Campral EC is the most common brand name for the generic drug known as Acamprosate although there are other formulations of Acamprosate that are used in different circumstances or for different manifestations of alcohol abuse.

This treatment works by affecting the area of the brain that produces the desire for alcohol. By suppressing this neuro-chemical reaction, Acamprosate actually reduces the interest in drinking in the person who takes it. It has no bad effects if the person then drinks alcohol.

Acamprosate: Who It Works For

Recent studies suggest that Acamprosate works well for those who are already in detox or rehab situations and can work to support their understanding of the effects of alcohol abuse. It’s claimed that it works for around 1 in 5 drinkers who say they do not believe they would have been able to abstain from alcohol without the drug.

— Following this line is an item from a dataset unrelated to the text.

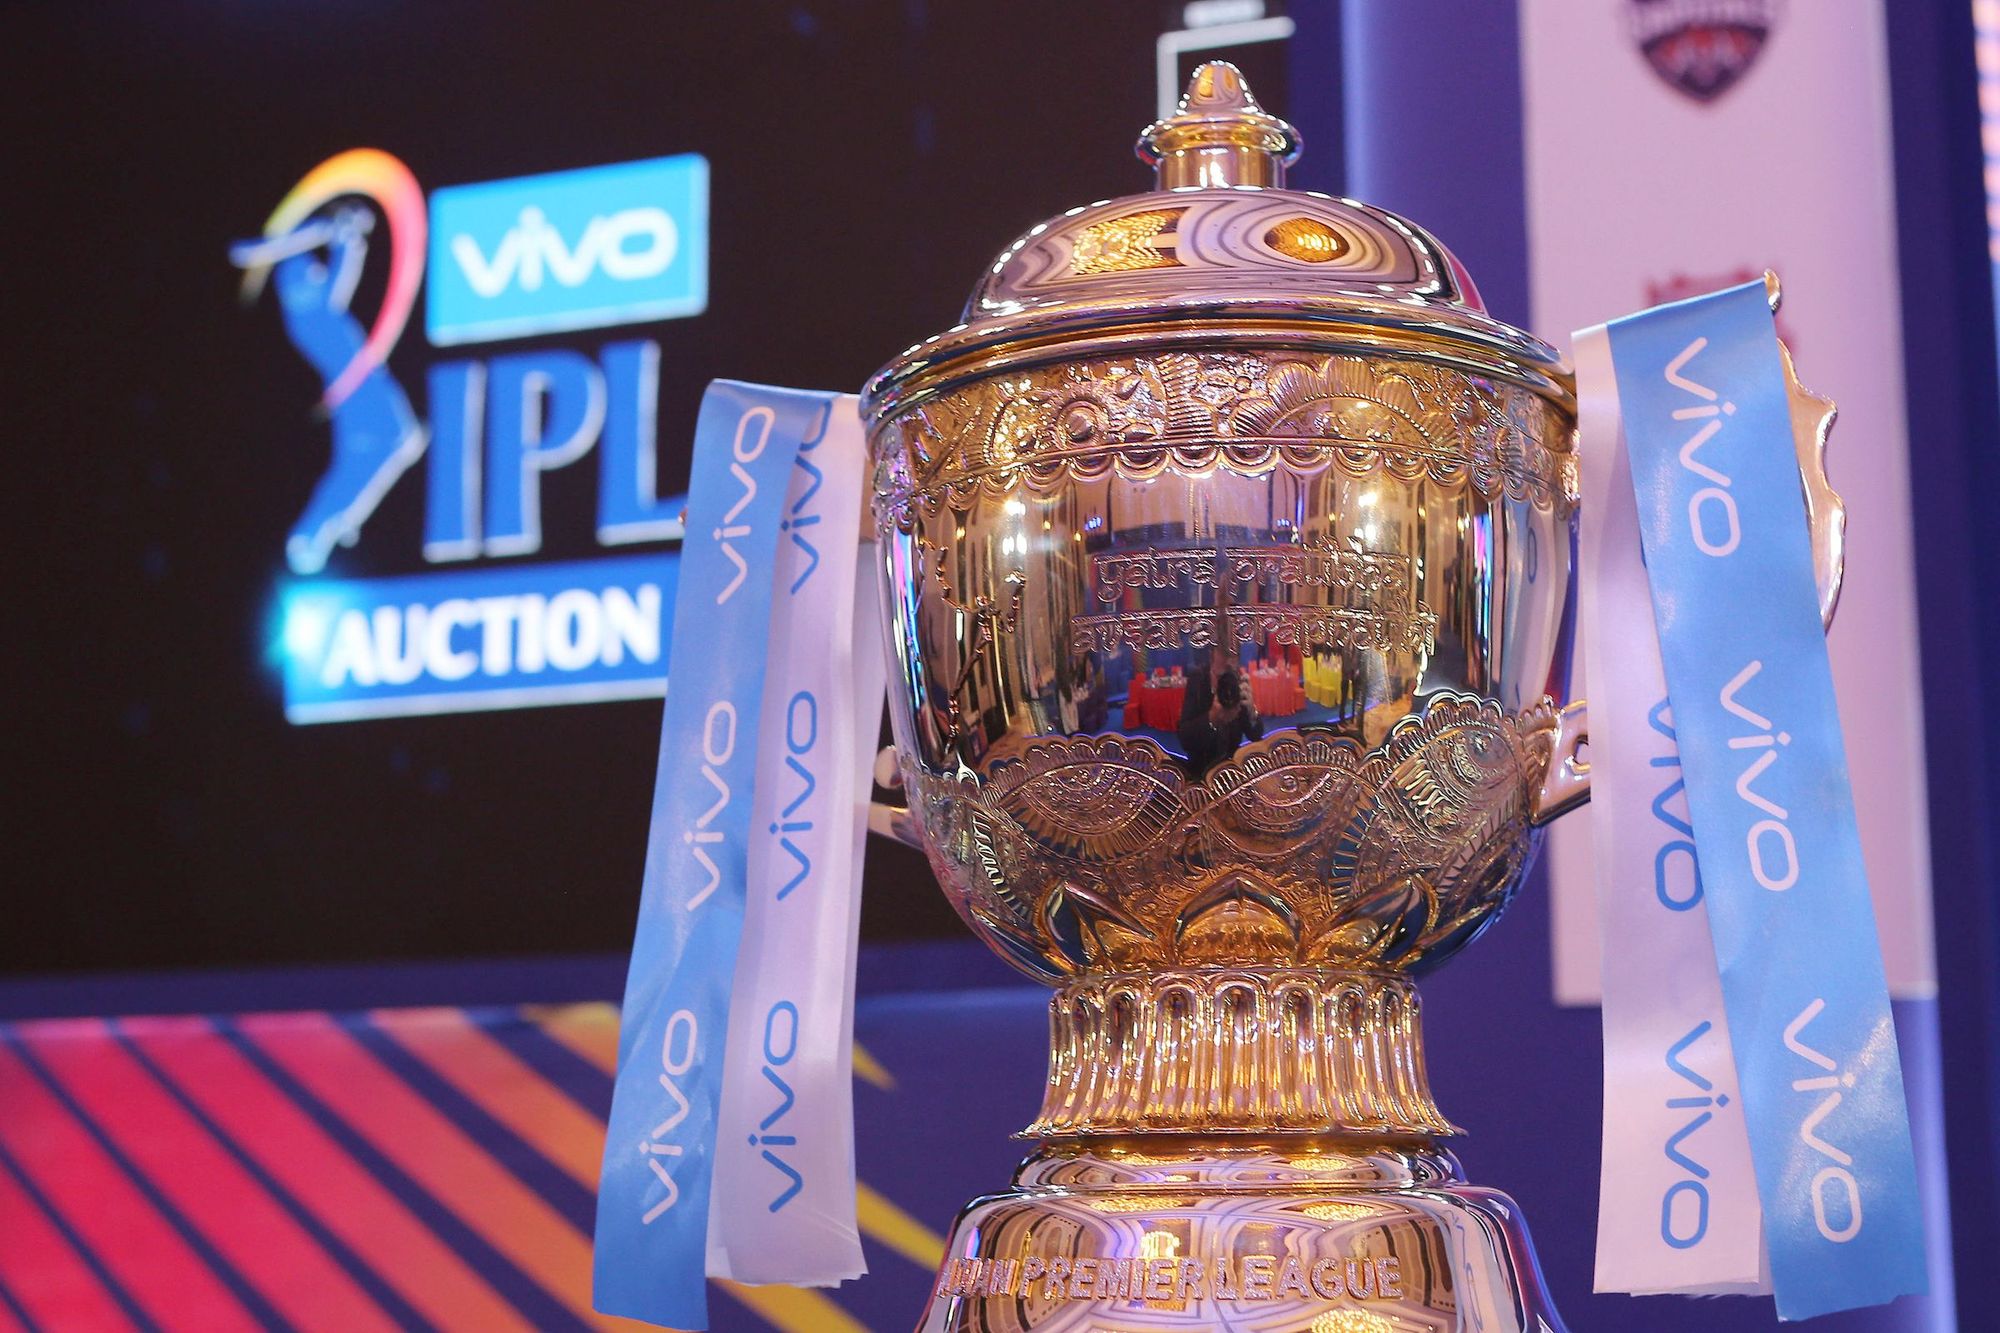 The IPL 2021 auction will take place on February 18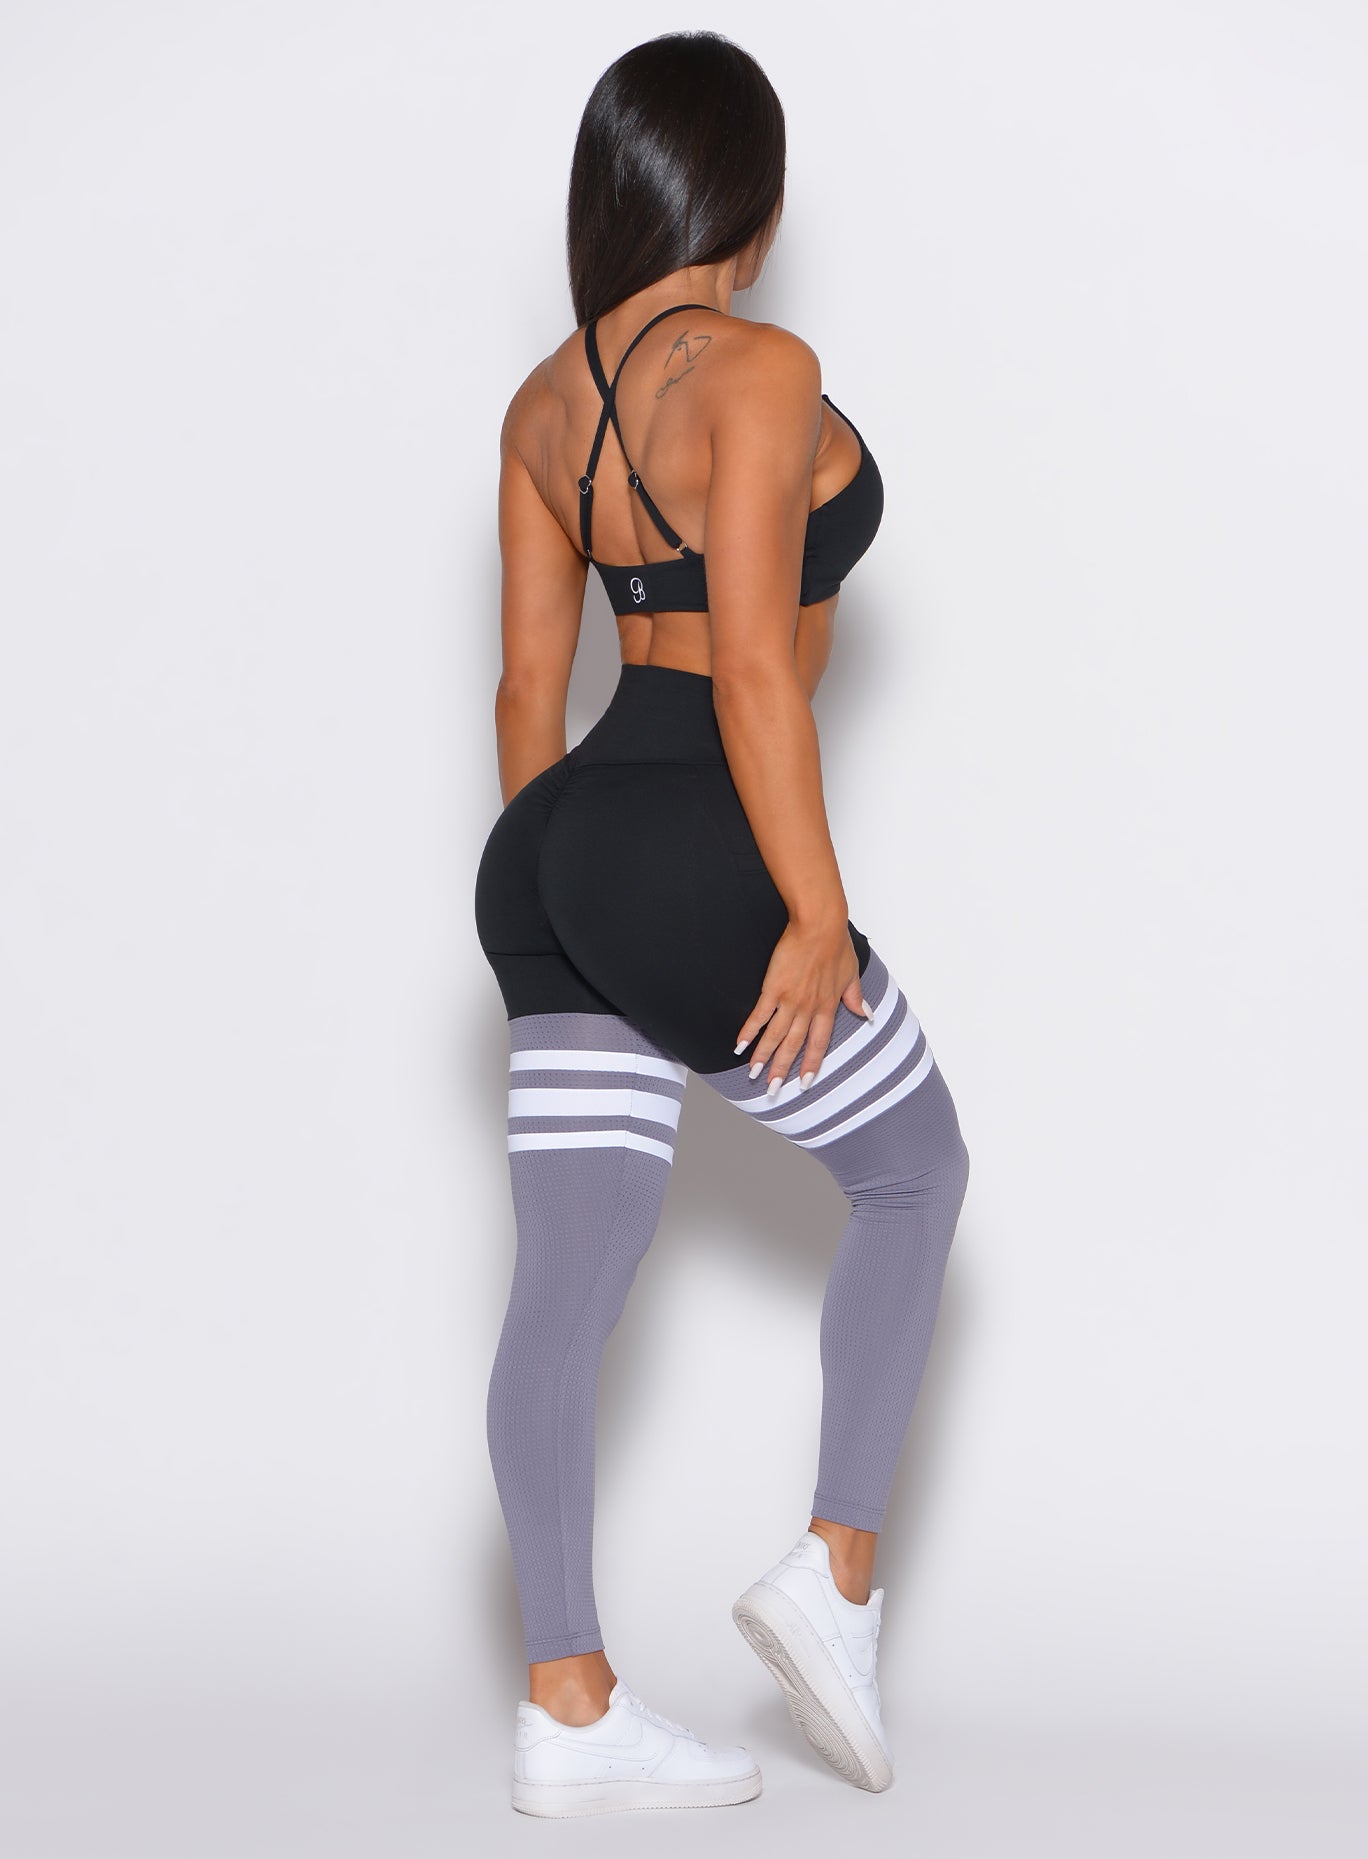 right side profile video of a model angled slightly to her left wearing our scrunch thigh high in black and gray color along with a black sports bra

Interestingly, it seems to also reduce the amount of alcohol consumed and the number of occasions on which it is consumed, in the 4 in 5 drinkers who do not manage complete abstinence.

Acamprosate: Side-Effects

While Acamprosate does not produce the unpleasant and powerful effects of Antabuse, it does have some side effects such as stomach upset especially cramps, loss of appetite, a dry mouth and difficulty in swallowing, flatulence and a general feeling of weakness and dizziness. These symptoms may pass if the patient perseveres with their course of treatment as they are often worse in the first week or so. However, the development of a rash or tingling or numbness in the extremities can suggest a severe reaction and then medical advice should be sought immediately. This severe reaction is rare, occurring in around one in 600 people prescribed the treatment.